TASK DETAILS:
Every line of the material is to be quoted verbatim, minus the pictures.

GIVEN MATERIAL:
··········

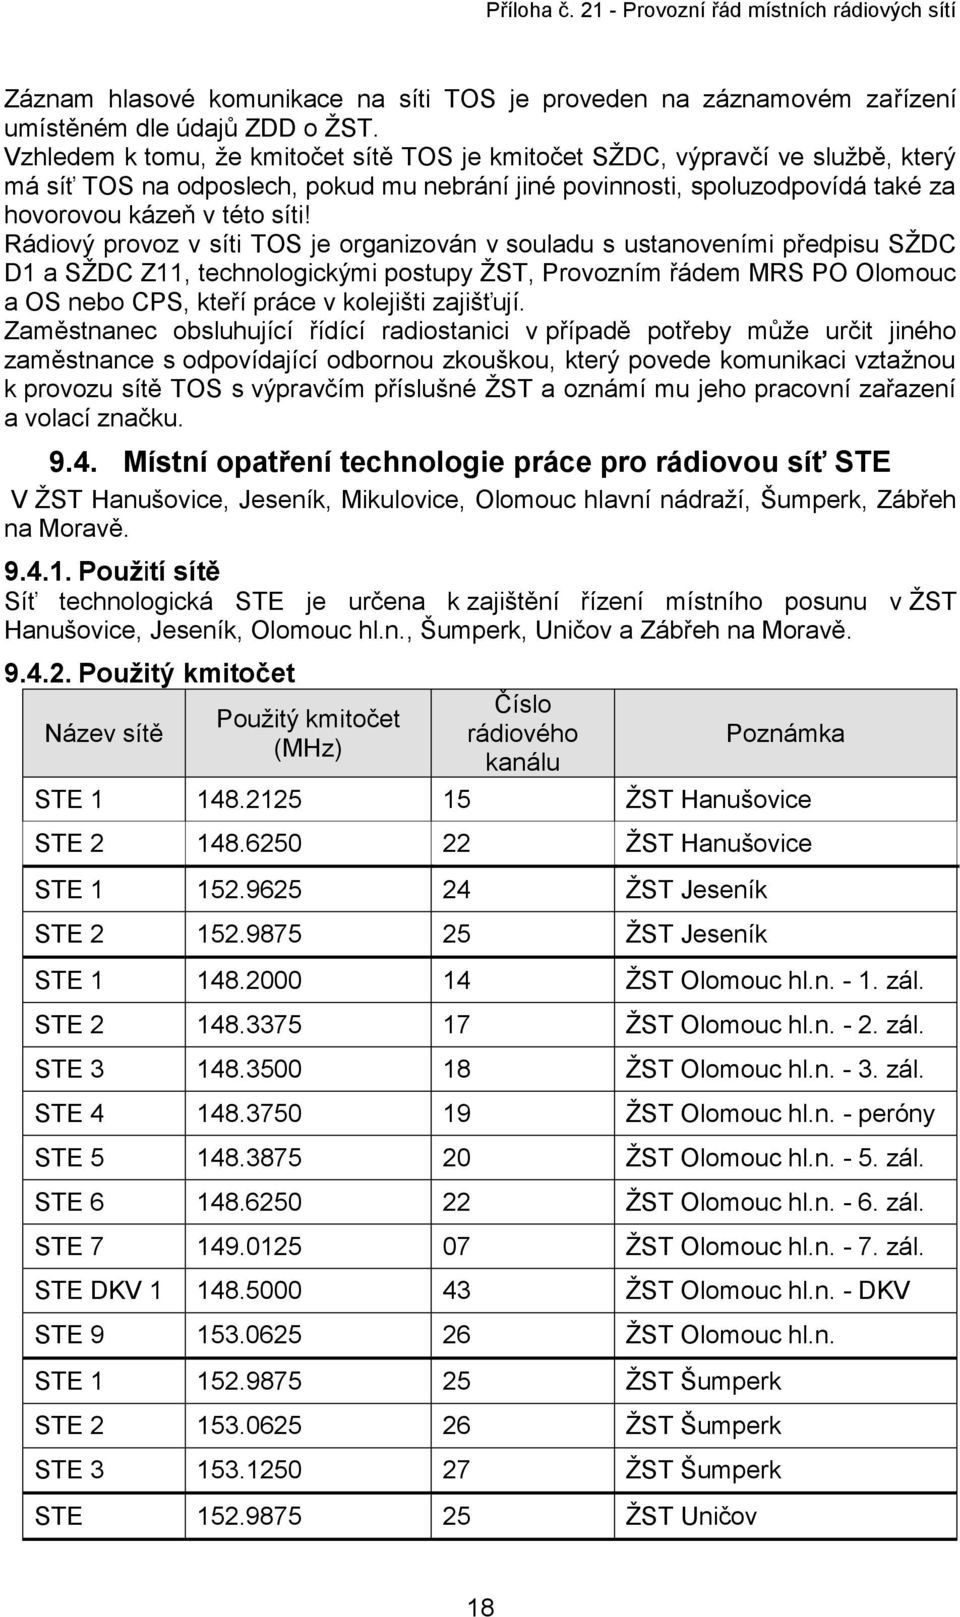 Rádiový provoz v síti TOS je organizován v souladu s ustanoveními předpisu SŽDC D1 a SŽDC Z11, technologickými postupy ŽST, Provozním řádem MRS PO Olomouc a OS nebo CPS, kteří práce v kolejišti
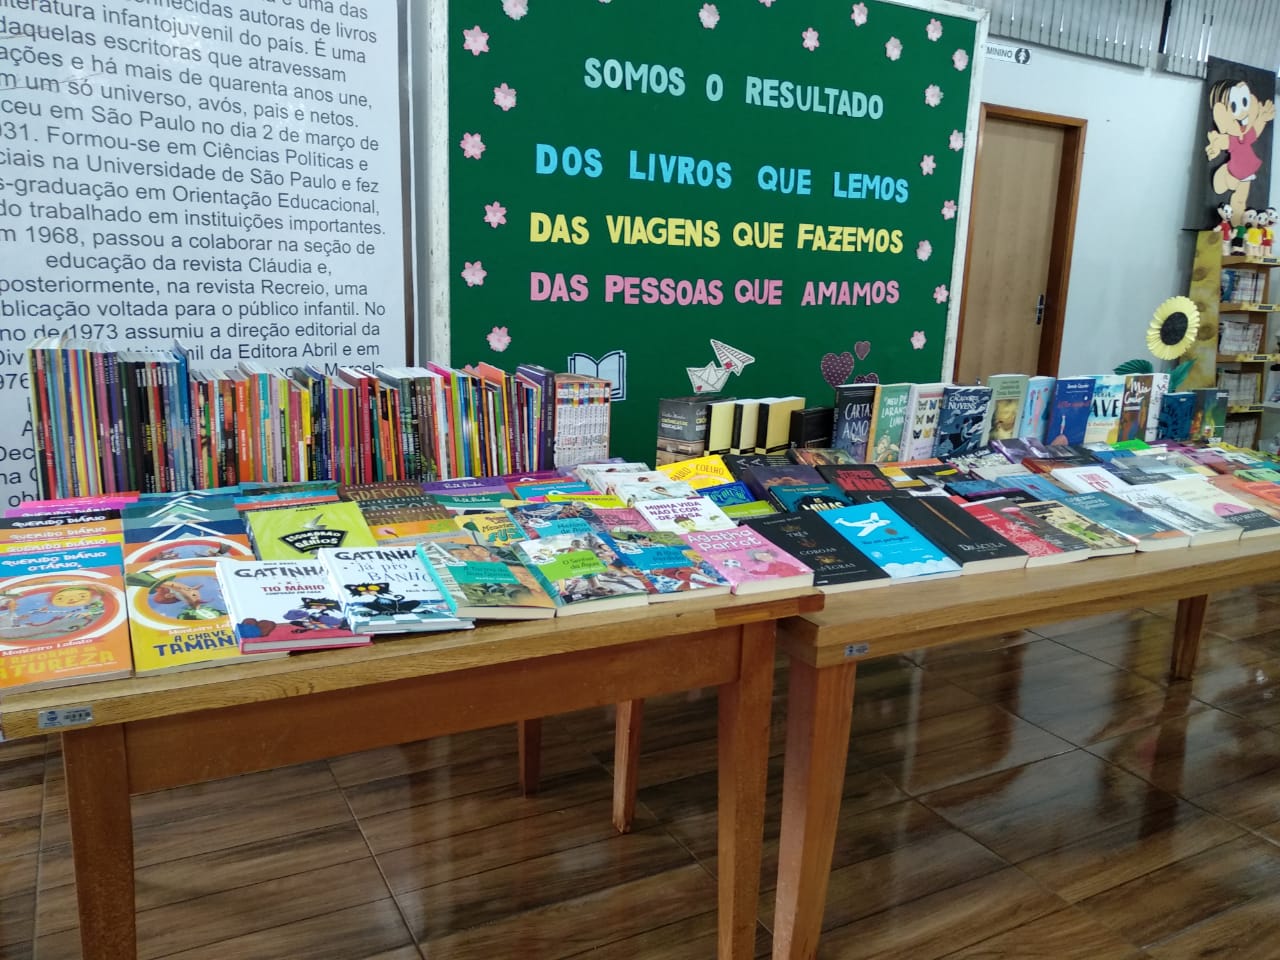 PALOTINA Administração investe na aquisição de livros para a Biblioteca Municipal
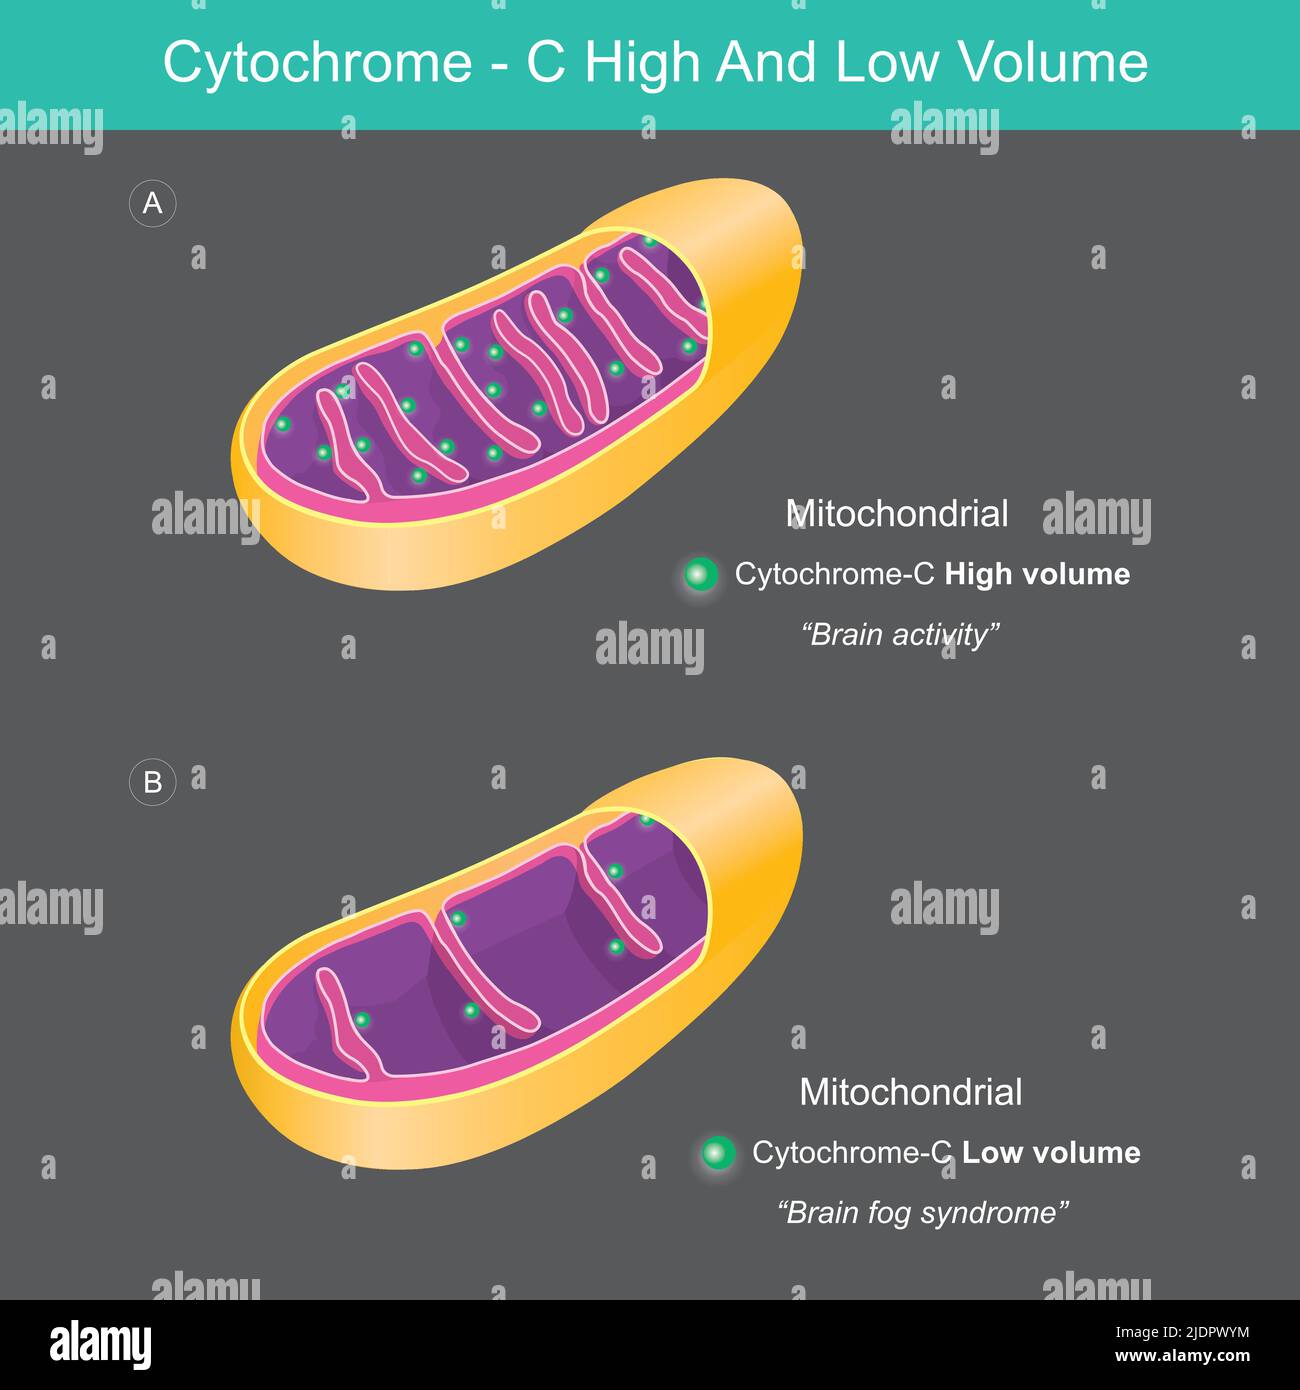 Cytochrom Mit Hohem Und Niedrigem Volumen. Das unterschiedliche Cytochrom C mit hohem und niedrigem Volumen in der mitochondrialen Abbildung. Stock Vektor

··········

YOUR SOLUTION:
 Rádiový provoz v síti TOS je organizován v souladu s ustanoveními předpisu SŽDC D1 a SŽDC Z11, technologickými postupy ŽST, Provozním řádem MRS PO Olomouc a OS nebo CPS, kteří práce v kolejišti
 PALOTINA Administração investe na aquisição de livros para a Biblioteca Municipal
 Cytochrom Mit Hohem Und Niedrigem Volumen. Das unterschiedliche Cytochrom C mit hohem und niedrigem Volumen in der mitochondrialen Abbildung. Stock Vektor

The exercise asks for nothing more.